多线程构建lucene索引遇到的并发锁问题

最近把一个多线程构建lucene索引的程序 从lucene2.9.1版本迁移到3.4版本,索引的时间增加了1/2

 

一开始怀疑是代码问题,从头到尾,检查了一遍代码,没发现会导致性能下降的地方。

 

接着查了下机器负载,发现cpu负载比原来2.9.1版本要低一些,然后增加了线程数,发现load还是上不去。

 

怀疑多线程间有资源竞争了,用jstack 看了一下,果然,发现很多锁等待,如下图:

  $ /opt/taobao/java/bin/jstack 15916|grep -A5 BLOCK

   java.lang.Thread.State: BLOCKED (on object monitor)

        at org.apache.lucene.util.AttributeSource$AttributeFactory$DefaultAttributeFactory.getClassForInterface(AttributeSource.java:77)

        - waiting to lock <0x0000000280000100> (a java.util.WeakHashMap)

        at org.apache.lucene.util.AttributeSource$AttributeFactory$DefaultAttributeFactory.createAttributeInstance(AttributeSource.java:68)

        at org.apache.lucene.util.AttributeSource.addAttribute(AttributeSource.java:280)

        at org.apache.lucene.index.DocInverterPerField.processFields(DocInverterPerField.java:139)

--

   java.lang.Thread.State: BLOCKED (on object monitor)

        at org.apache.lucene.util.AttributeSource$AttributeFactory$DefaultAttributeFactory.getClassForInterface(AttributeSource.java:77)

        - waiting to lock <0x0000000280000100> (a java.util.WeakHashMap)

        at org.apache.lucene.util.AttributeSource$AttributeFactory$DefaultAttributeFactory.createAttributeInstance(AttributeSource.java:68)

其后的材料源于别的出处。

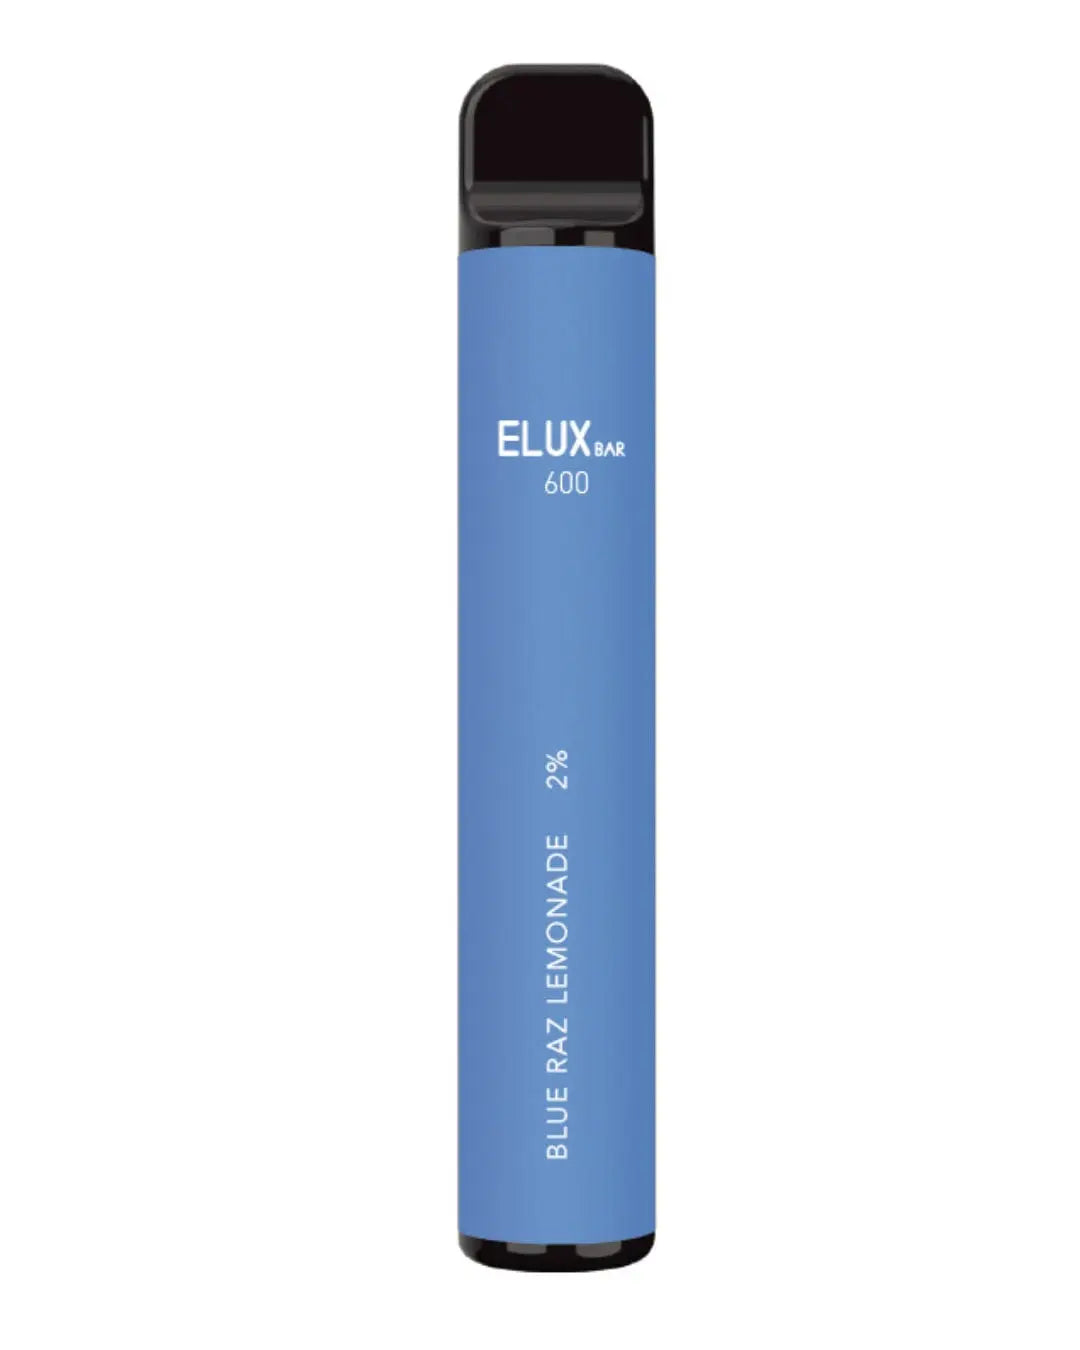 Elux Bar 600 Blue Razz Lemonade Disposable Vapes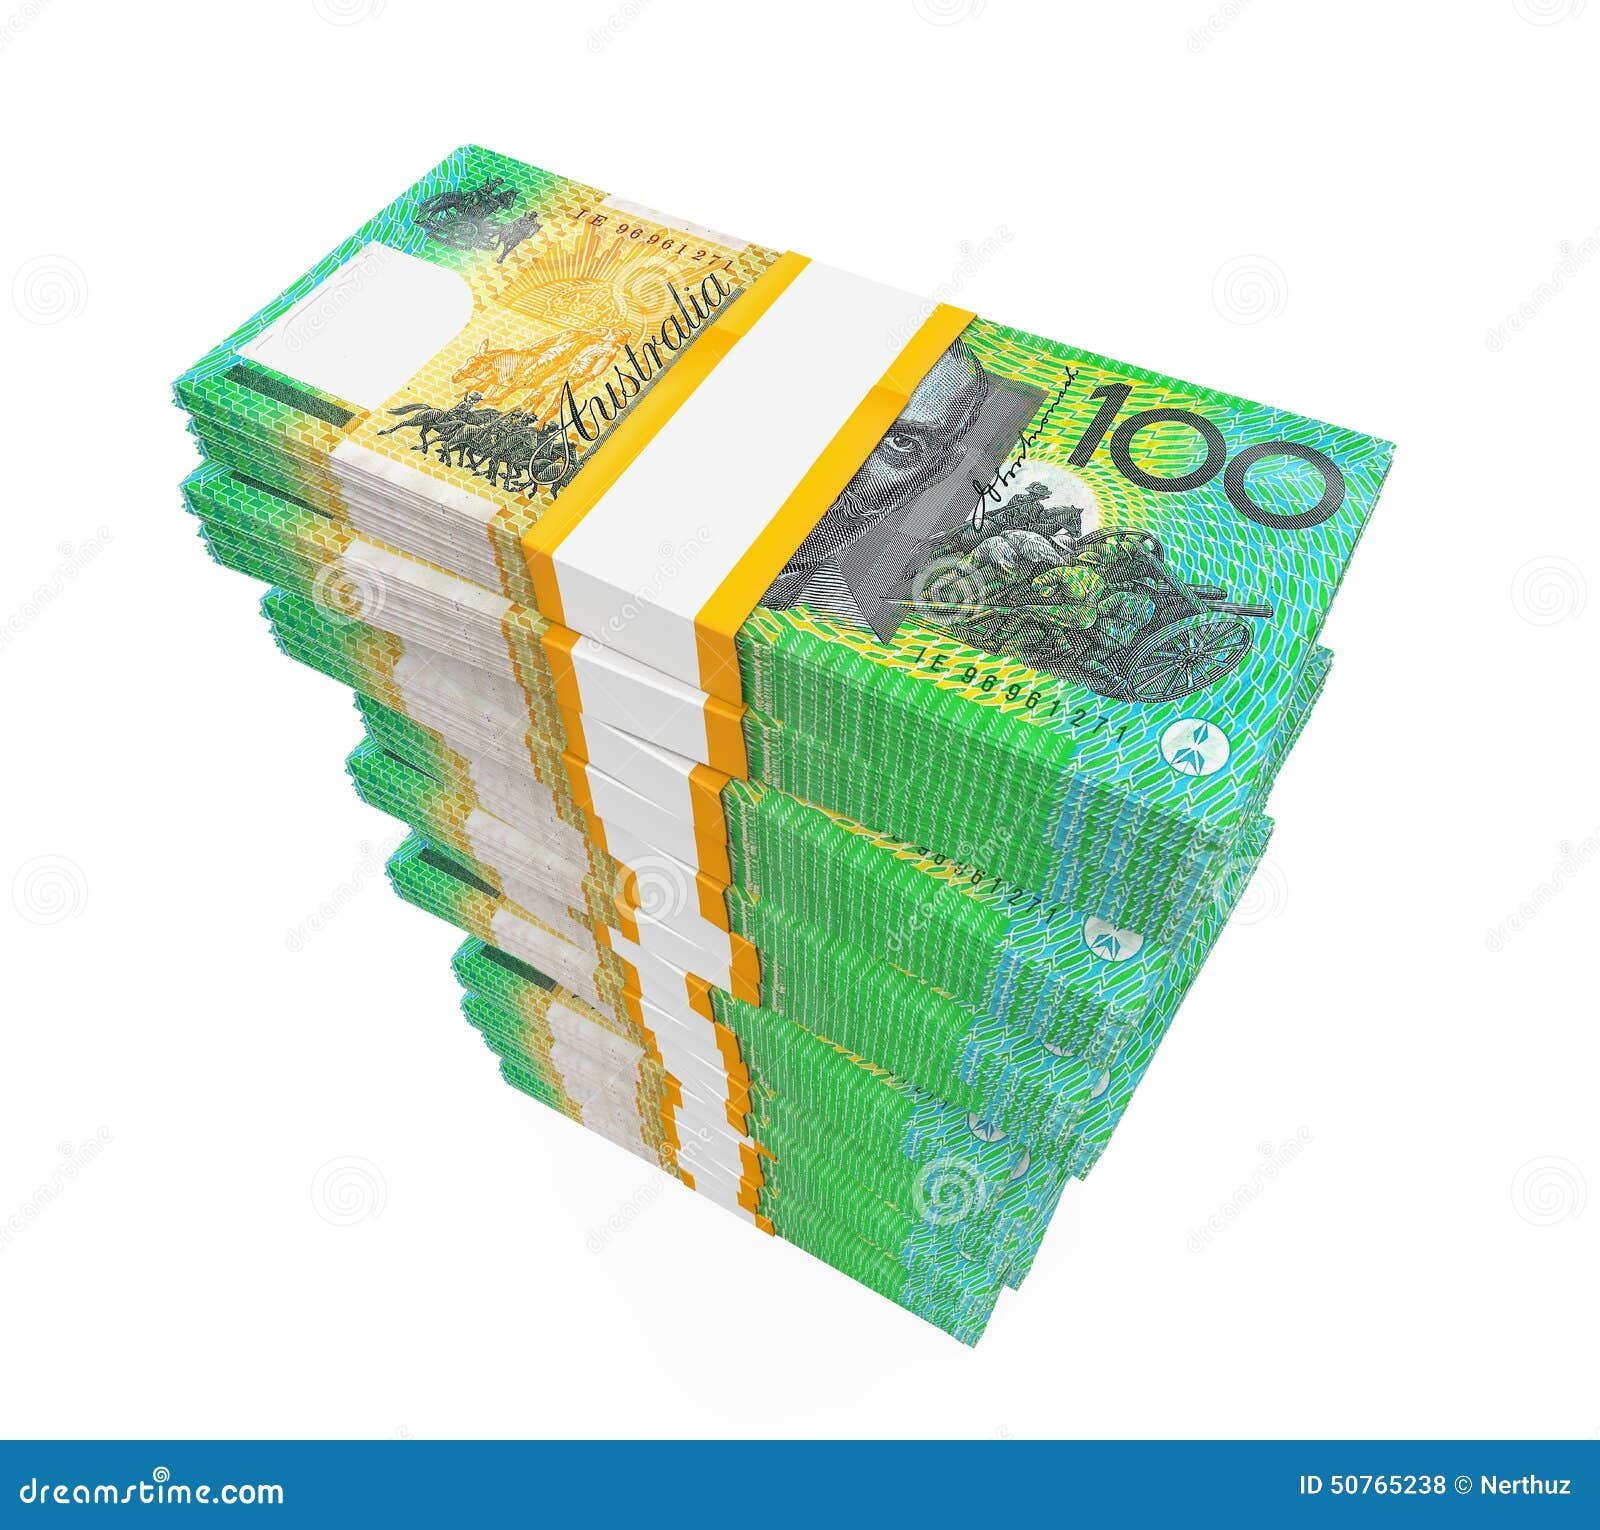 Brobrygge varemærke egetræ Stacks of 100 Australian Dollar Banknotes Stock Illustration - Illustration  of paper, economics: 50765238

        at org.apache.lucene.util.AttributeSource.addAttribute(AttributeSource.java:280)

        at org.apache.lucene.index.DocInverterPerField.processFields(DocInverterPerField.java:139)

--

   java.lang.Thread.State: BLOCKED (on object monitor)

        at org.apache.lucene.util.AttributeSource$AttributeFactory$DefaultAttributeFactory.getClassForInterface(AttributeSource.java:77)

        - waiting to lock <0x0000000280000100> (a java.util.WeakHashMap)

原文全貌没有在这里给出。